There are some suggestions that that Henry Hub cost could be near $4 or even $5 by 2030 and rising subsequently. So I think you should look at that US Gulf Coast number as being quite, quite a conservative one. Follow-up, Senator Myers. Yeah, on that, on that note, I just ran across an article I think last week that was talking about some— not Henry Hub, but some places in West Texas where both before and after the Iran War, the gas price at the hub has actually been negative for most of this year. And it sounds like it's a capacity issue, not just an LNG capacity issue, but just a pipeline capacity issue to get the gas out of the field and into a market, whether that's domestic or international.
But you can build pipelines relatively quickly. You can build pipelines in a few months or a couple of years, depending on how long of a pipe we're talking about here, is— you're talking about farther out, we're looking at $4 to $5 gas as opposed to $3.50. Is that something that could rapidly change if the producers saw that the market conditions were rising, that they could rapidly, you know, relatively rapidly bring on more capacity?

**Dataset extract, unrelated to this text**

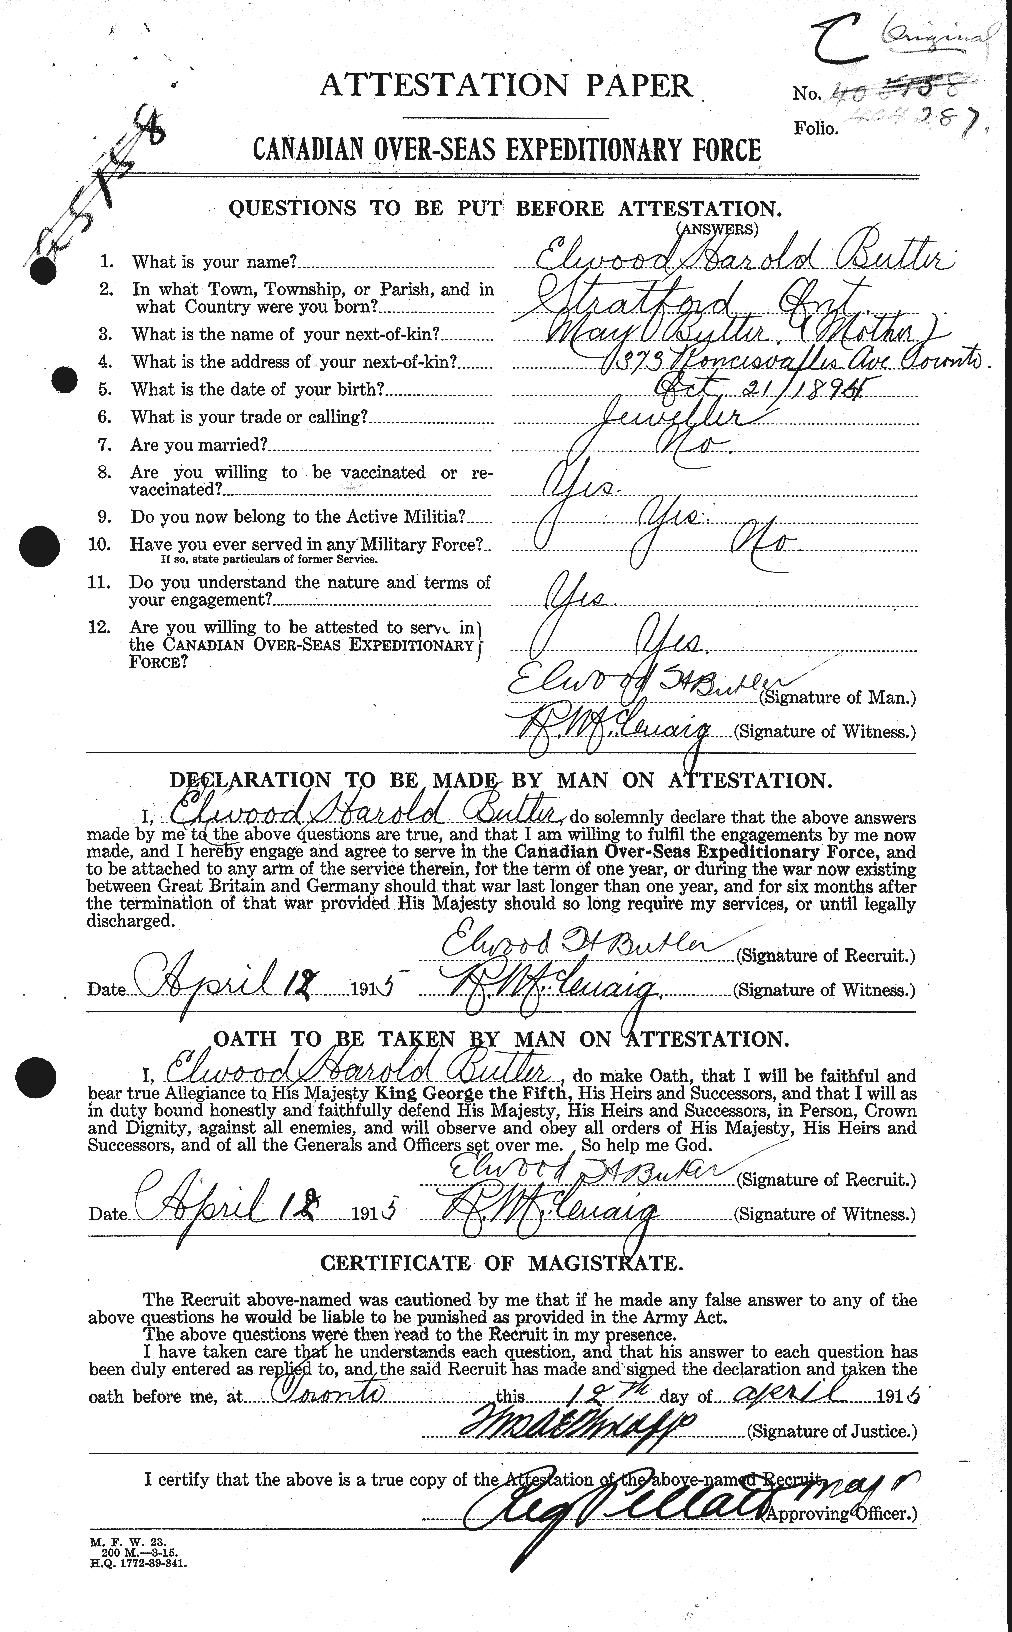 Dossiers du Personnel de la Première Guerre mondiale - CEC 278212a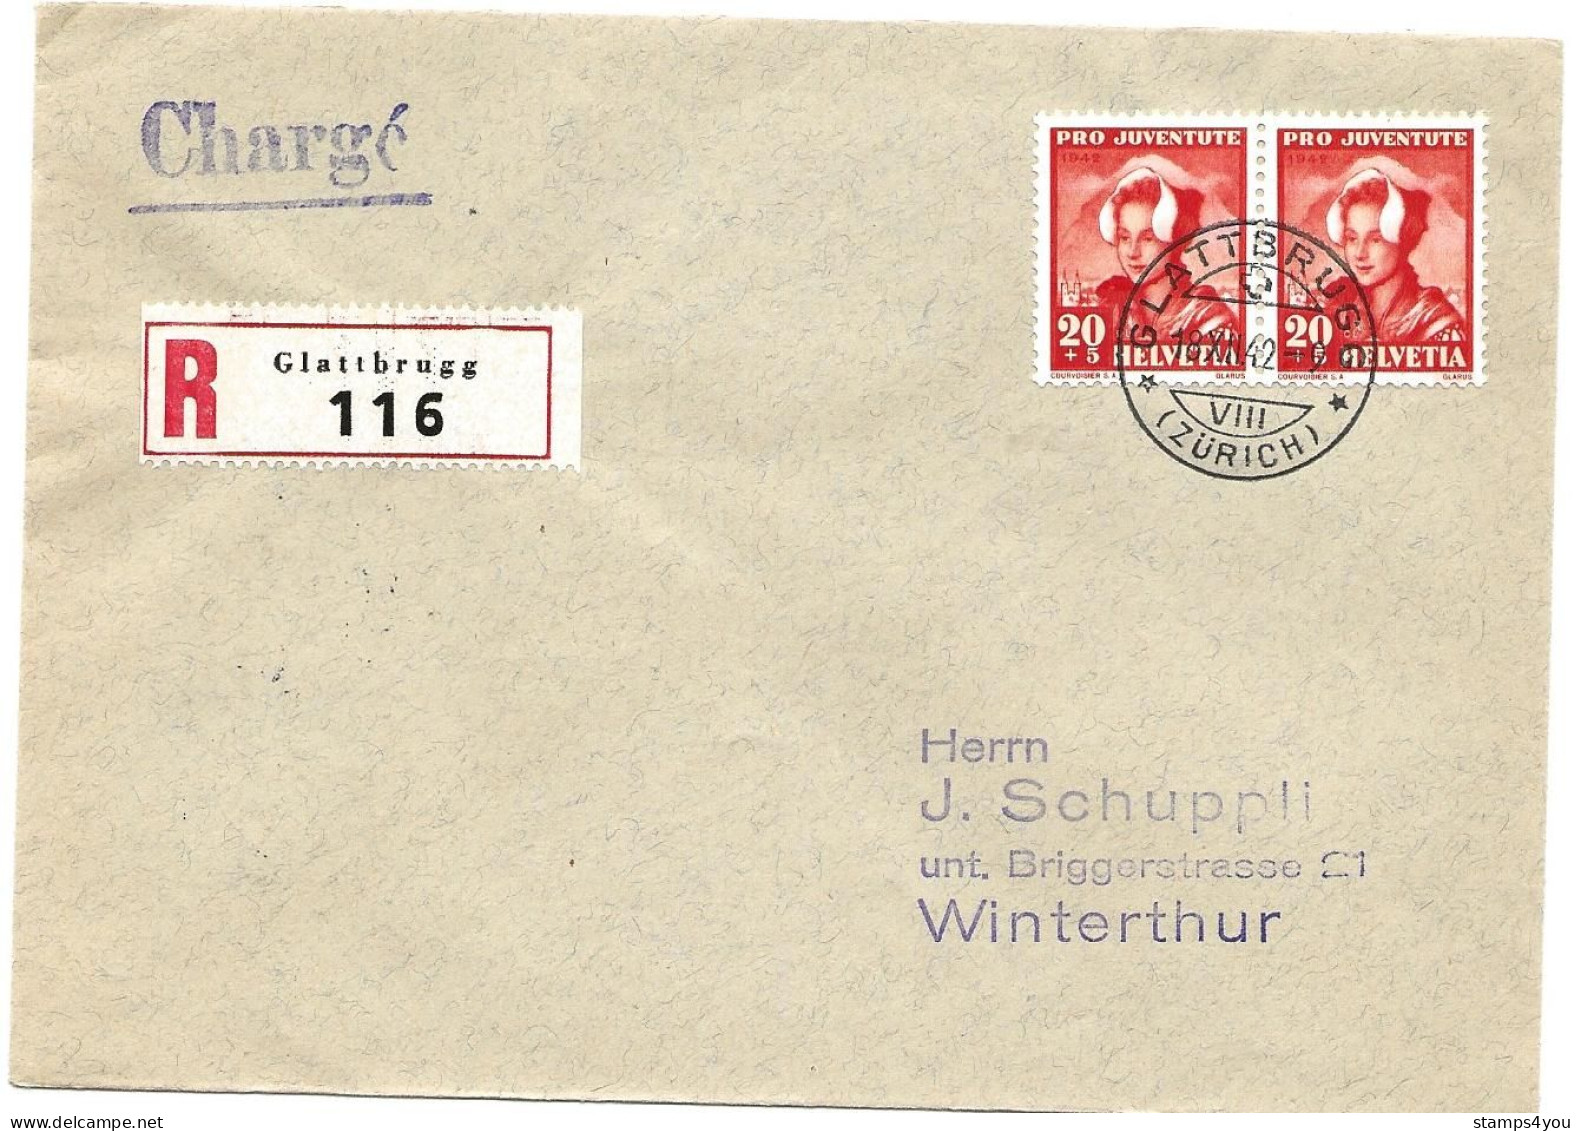 33 - 79 - Enveloppe Recommandée Envoyée De Glattbrugg 1942 - Timbres Pro Juventute - Covers & Documents

Thank you, Senator Myers. Through the Chair, the negative gas price is quite a local phenomenon, and it's because with the oil shortages currently caused by the closure of the Strait, oil producers are ramping up production very rapidly in the Permian And for every barrel of oil in the Permian, you produce 5,000 cubic feet of gas comes with it. And so the focus there is producing the oil. The gas is just a byproduct and as you say, the takeaway capacity for that gas is so limited that effectively it's way more gas than the system can handle.
So it's a particular feature of the current push to increase oil production in the US, but probably not something that could be relied upon. I, you know, I could talk about the sort of gas dynamics in the lower 48, but, you know, generally speaking, a lot of additional burden from additional LNG, extra gas-fired generation for data centers So the ability of the Lower 48 gas infrastructure to support that extra demand, I think, is in doubt. And I think it's likely that we'll see higher prices. Okay. Thank you.
All right. We have about 5 minutes left. Are there further questions for Mr. Fulford today? Any closing remarks, Mr. Fulford?
Thank you, Senator Giesel.
I think perhaps my closing remark would be to summarize some of the things we talked about today, which is that iterative progress on any of these LNG projects is beneficial. And, you know, even if we can't get to a final solution today, Progress on the project in the form of an alternative tax framework, for example, I think would be well received by the market and by other interested parties.
A way in which a more transparent and manageable flow of information from the project to the legislature, I think, would be very beneficial to consider right now. To remove some of the impasse that it's causing. So I think those would be my two main remarks. Great. Thank you very much for joining us today.
Appreciate your time. With that, we will conclude today's meeting. Our next meeting is tomorrow at 3:30 PM. We are stepping away again from the Supporting Gasline for Alaskans Act, and we will be considering governor appointees for the Board of Fish, Board of Game, the Big Game Commercial Services Board, the Alaska Assessment Review Board, and the Commercial Fisheries Entry Commission. At this time, we will stand adjourned.
Let the record reflect the time is 10:11 AM.